Exercise inputs
◇ ◇ ◇

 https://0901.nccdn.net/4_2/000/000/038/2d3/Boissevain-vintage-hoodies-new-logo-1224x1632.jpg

◇ ◇ ◇

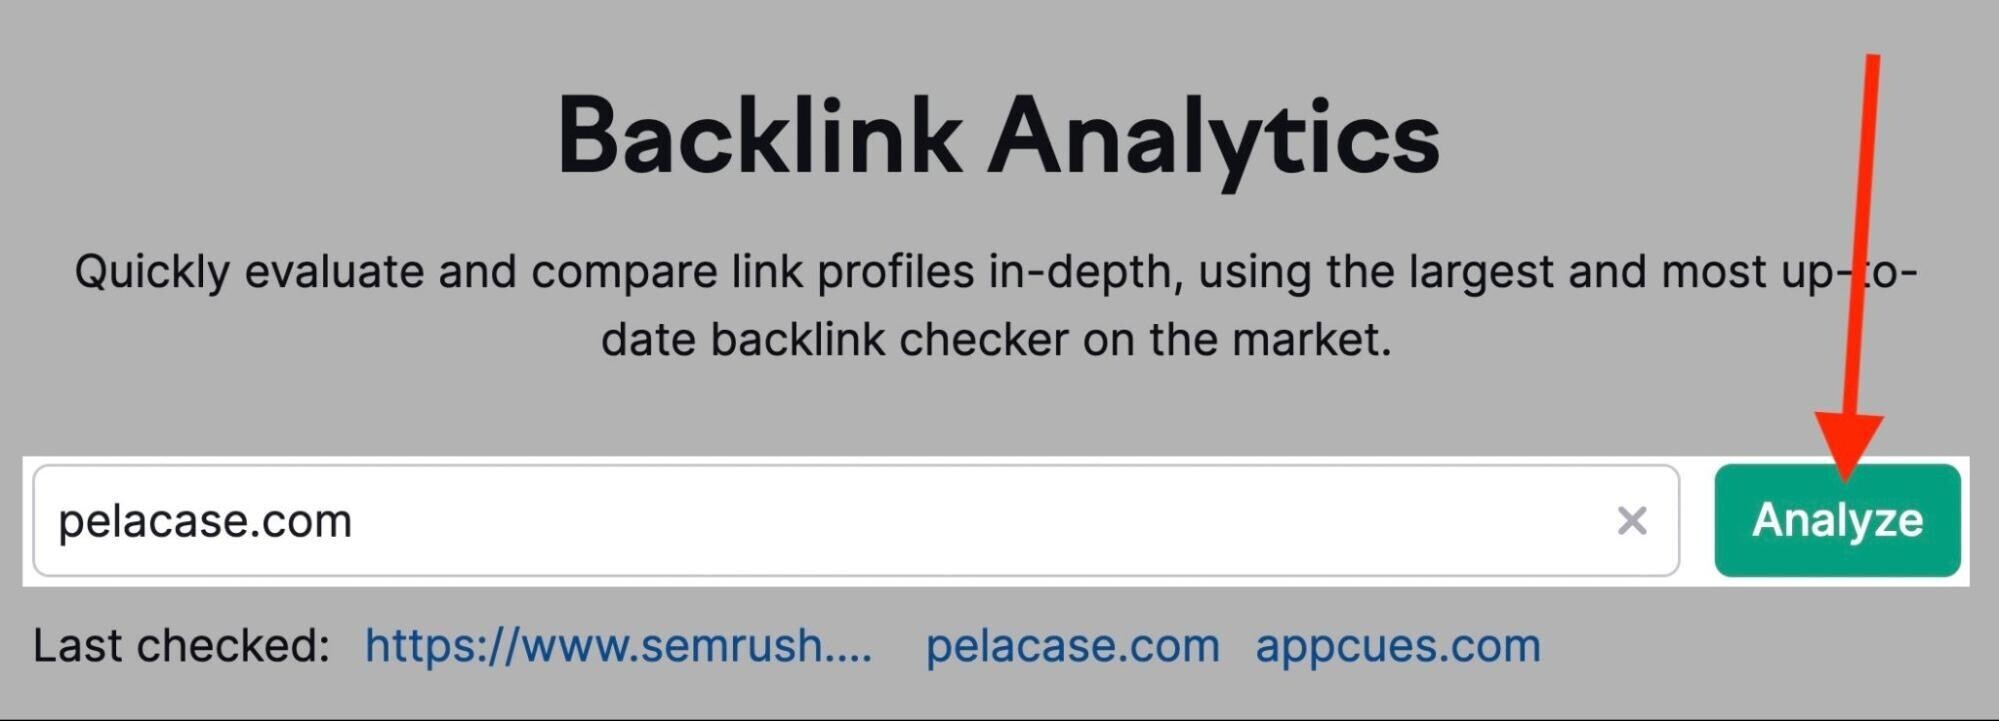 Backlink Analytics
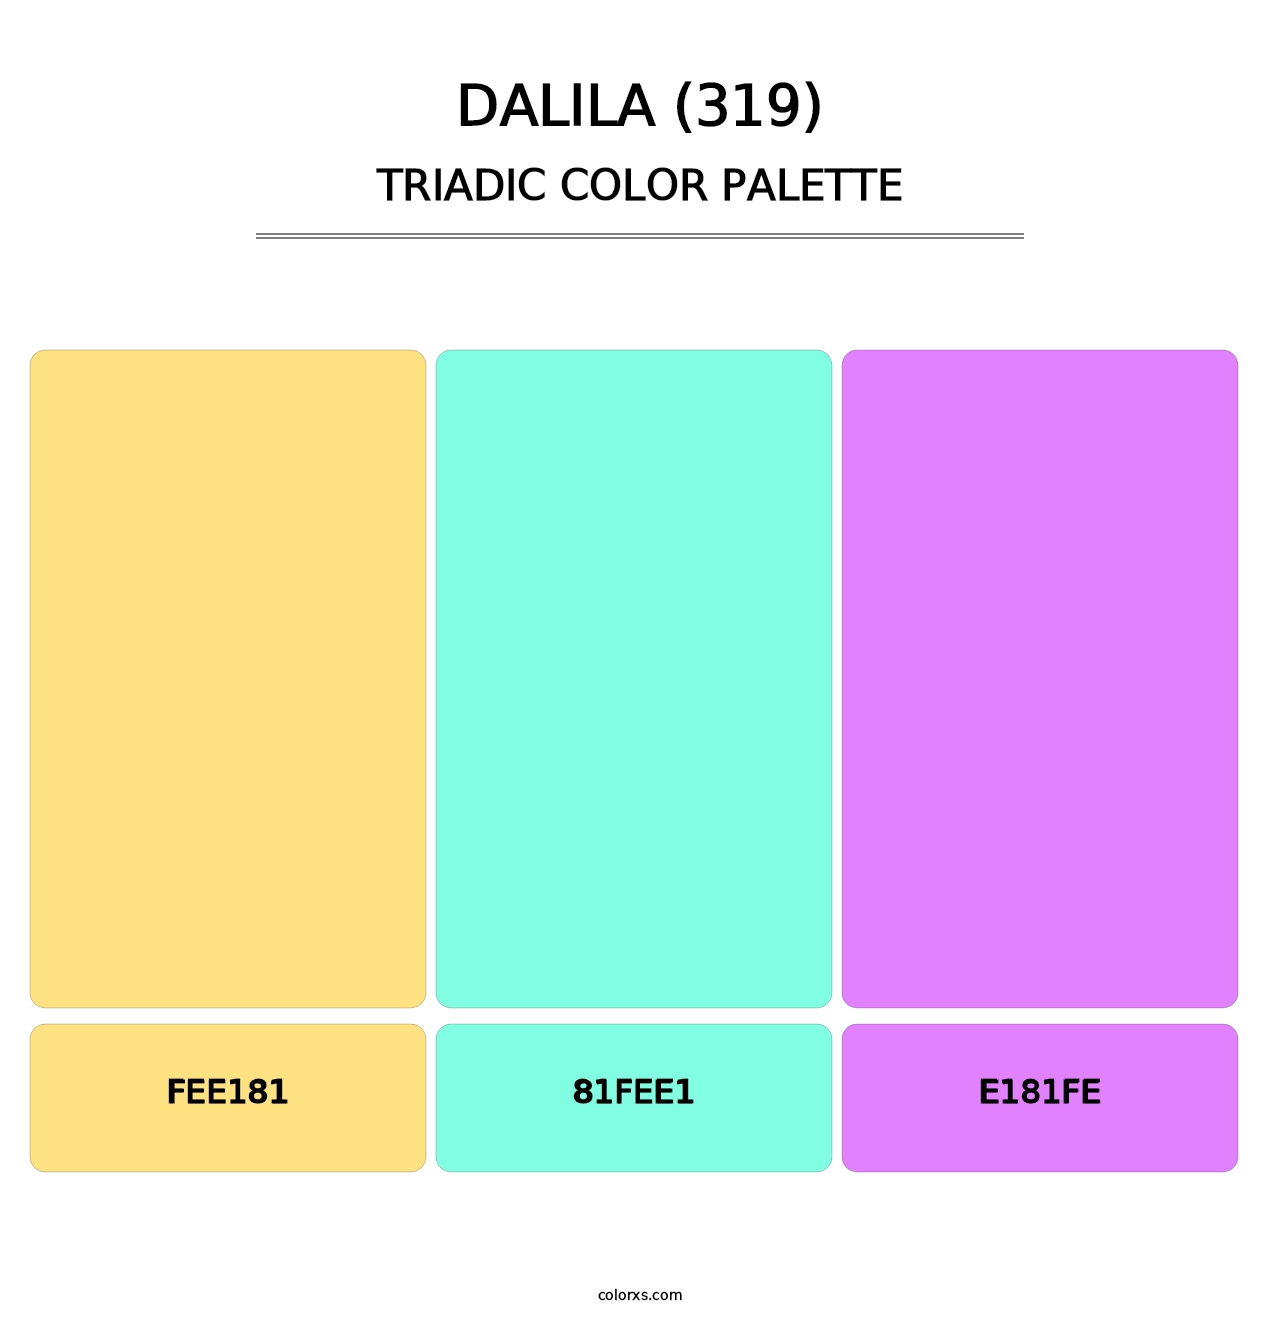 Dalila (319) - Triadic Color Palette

◇ ◇ ◇

Task item
Retype the lines above exactly as they appear, from the line containing "Backlink Analytics" through the line containing "Dalila (319) - Triadic Color Palette", and leave out any pictures.

Completed task
 Backlink Analytics
 Dalila (319) - Triadic Color Palette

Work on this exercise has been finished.